▸ REQUIREMENT:
Go to the line with "Tasty little cakes Stock Photo" in the records below, then output it and each following line exactly, up to and including the line with "Oferta hotel Higuerón". Skip pictures and add nothing.

▸ DATA UNDER STUDY:
-=-=-
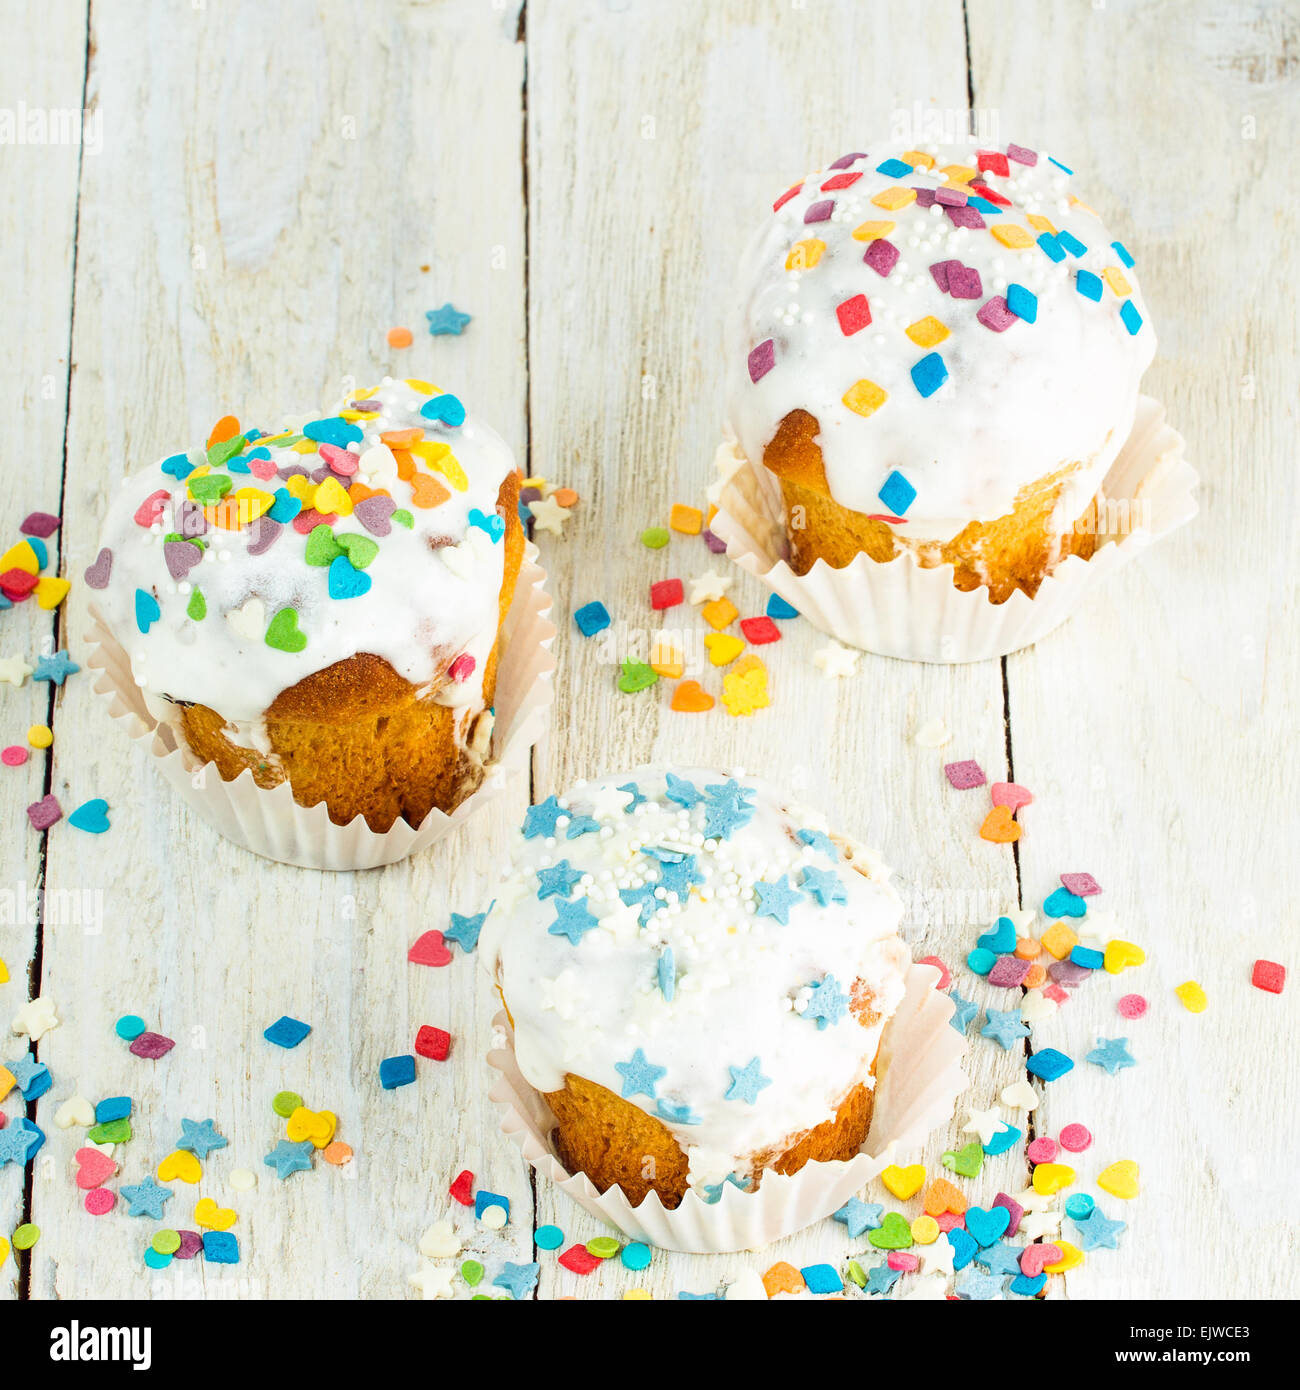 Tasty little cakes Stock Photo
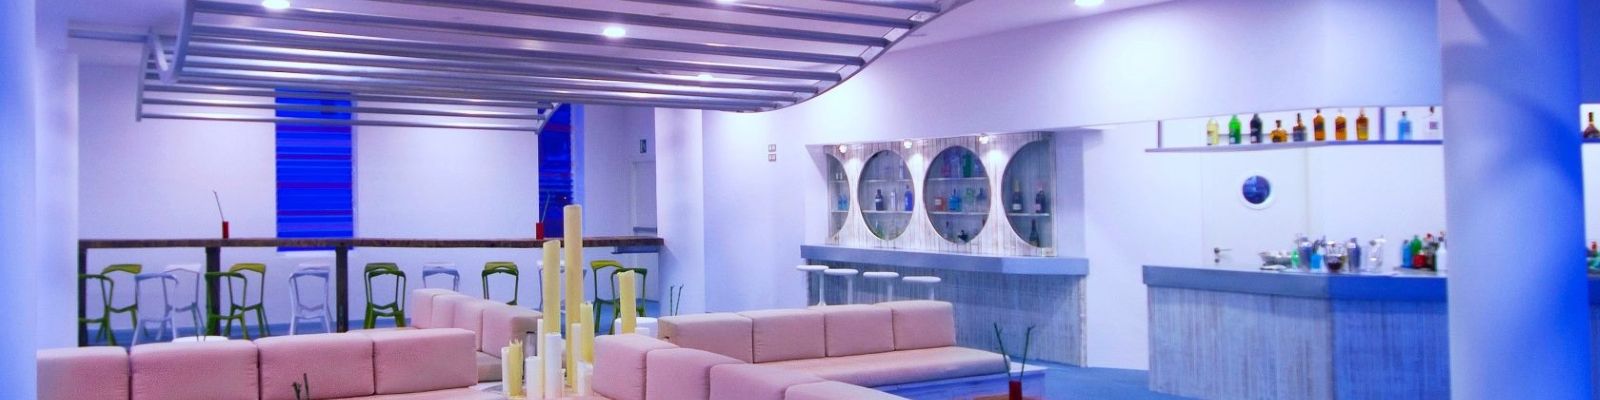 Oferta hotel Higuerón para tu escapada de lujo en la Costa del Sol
-=-=-
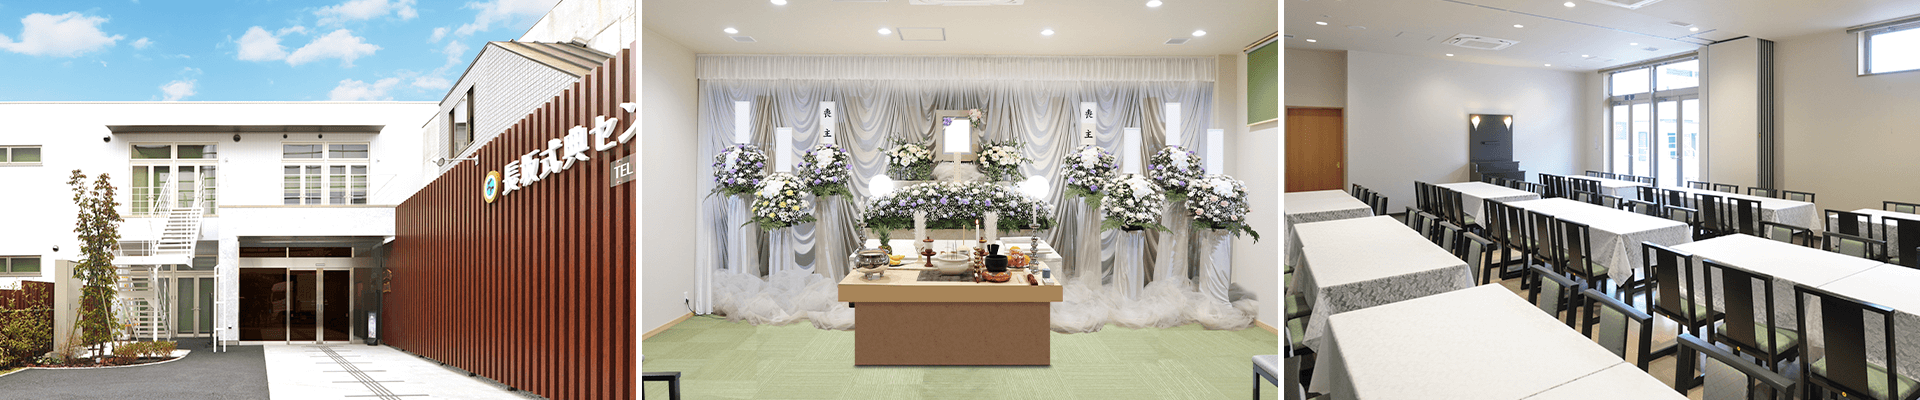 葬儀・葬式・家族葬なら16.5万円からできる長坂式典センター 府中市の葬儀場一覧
-=-=-
▸ RESPONSE TO THE EXERCISE:
 Tasty little cakes Stock Photo
 Oferta hotel Higuerón para tu escapada de lujo en la Costa del Sol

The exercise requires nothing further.